Comical economic spin enterprises aside, the jobs numbers solidified this as the second straight strong week for the governor, after a confusing start in which he denounced negative ads then appeared to have difficulty defining negativity. Baker rolled around the state on the “Had Enough?” bus, concluding at the end of the week that voters have. Cahill, still reeling from the national GOP’s cremation of his reputation, said he would hang back and let the voters decide whether to believe or resent the attacks.

It was cement week, as the narratives of the remainders of both the legislative cycle and the campaign appeared to settle, at least temporarily, and bind to each other. Both are for the time being three-player games, the rest of the Legislature and the voters hanging in the balance if not on every word.

STORY OF THE WEEK: DeLeo giveth and/or DeLeo taketh away.

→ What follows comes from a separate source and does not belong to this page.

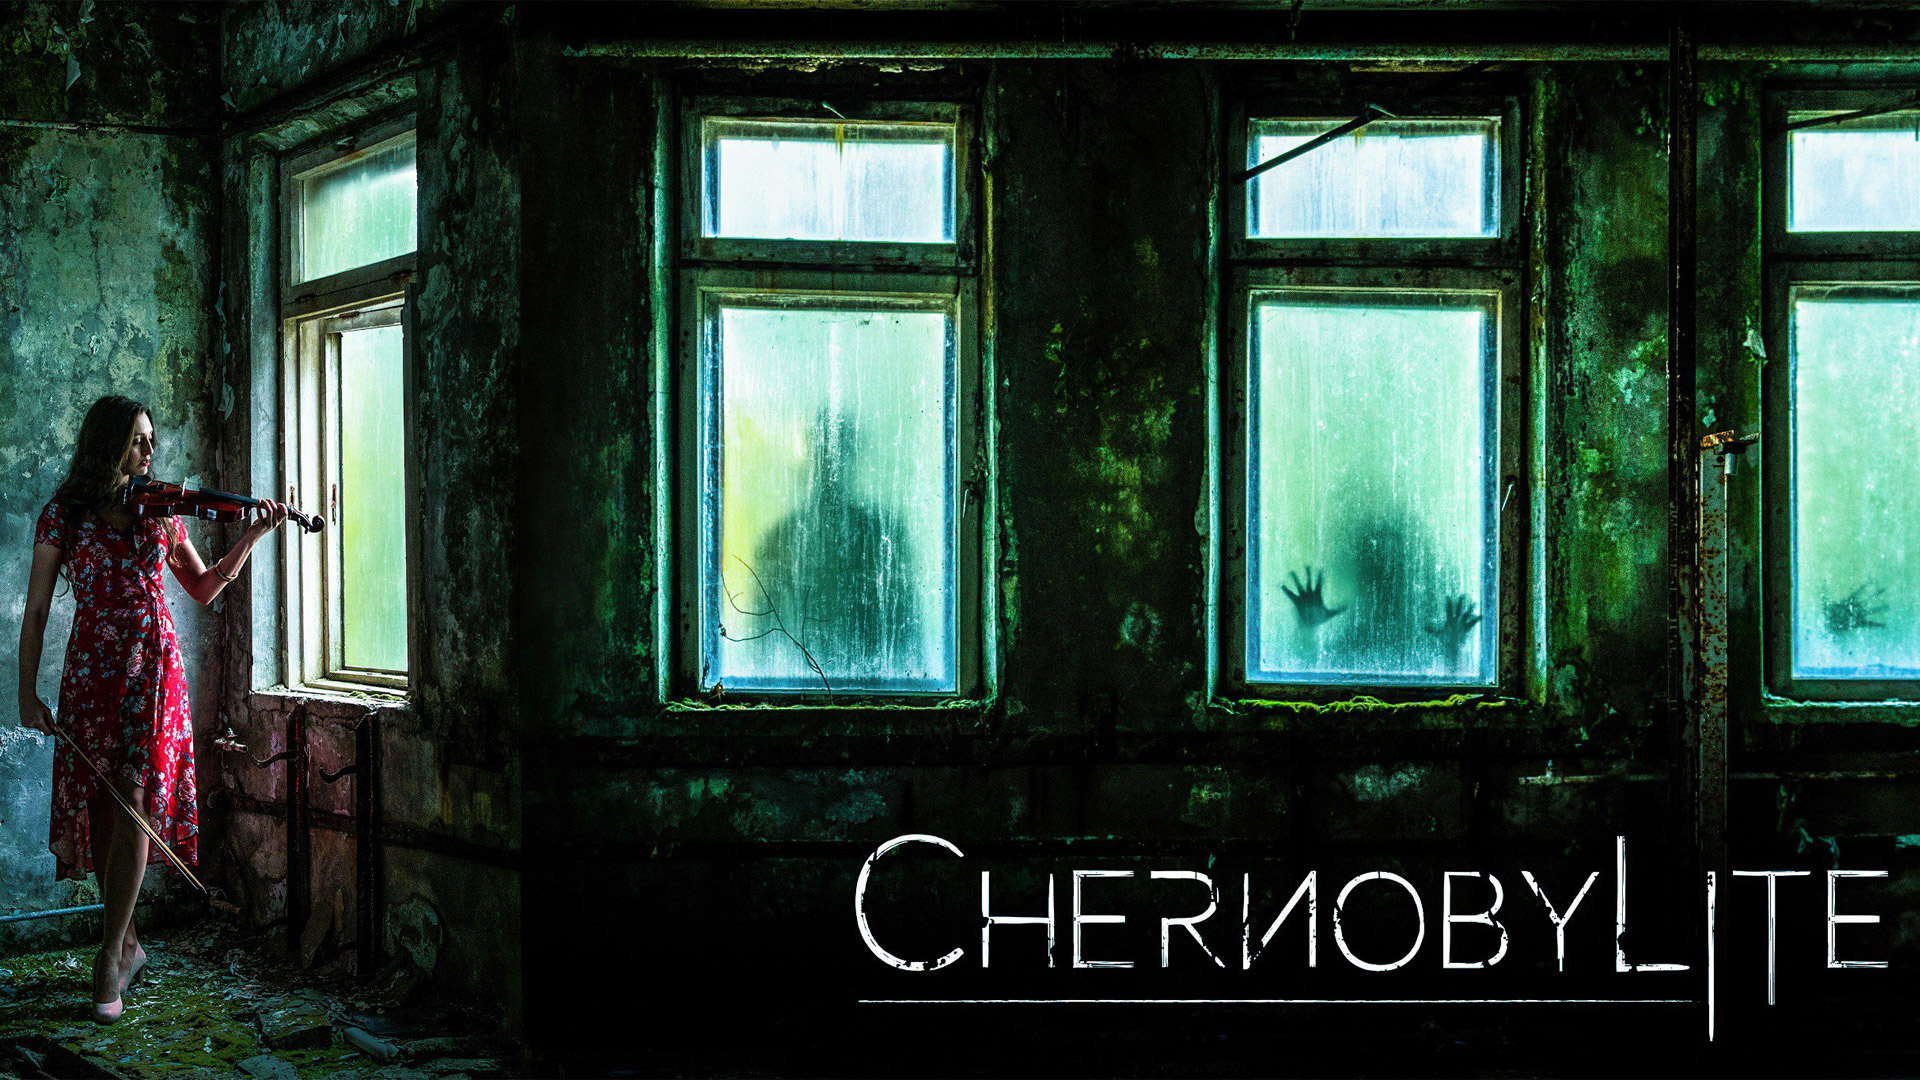 Free Chernobylite Wallpaper in 1920x1080

SOMEWHERE, LOU DIAMOND PHILLIPS WEEPS: Former state Treasurer Joseph Malone won an upgrade from the National Republican Congressional Committee to “on the radar” status Tuesday, a nod to Malone’s fundraising as he seeks the GOP nomination for the 10th Congressional District. There may have been a miscommunication or an oversight or whatever, though, as Malone was tabbed for the NRCC’s “Young Guns” program. Malone was born in 1954. The NRCC says the candidate’s age doesn’t have anything to do with the age of the candidate. Busy week for the 10th. While Democratic candidate William Keating’s ginormous pension received the glut of the campaign’s early negative coverage, this week there was much attention on whether Rep. Jeff Perry during his career as a police officer stood by while his partner allegedly sexually assaulted a girl and on state Sen. Robert O’Leary’s brother resigning from the Caritas Carney Hospital presidency for hitting up Carney-affiliated doctors for campaign fundraisers.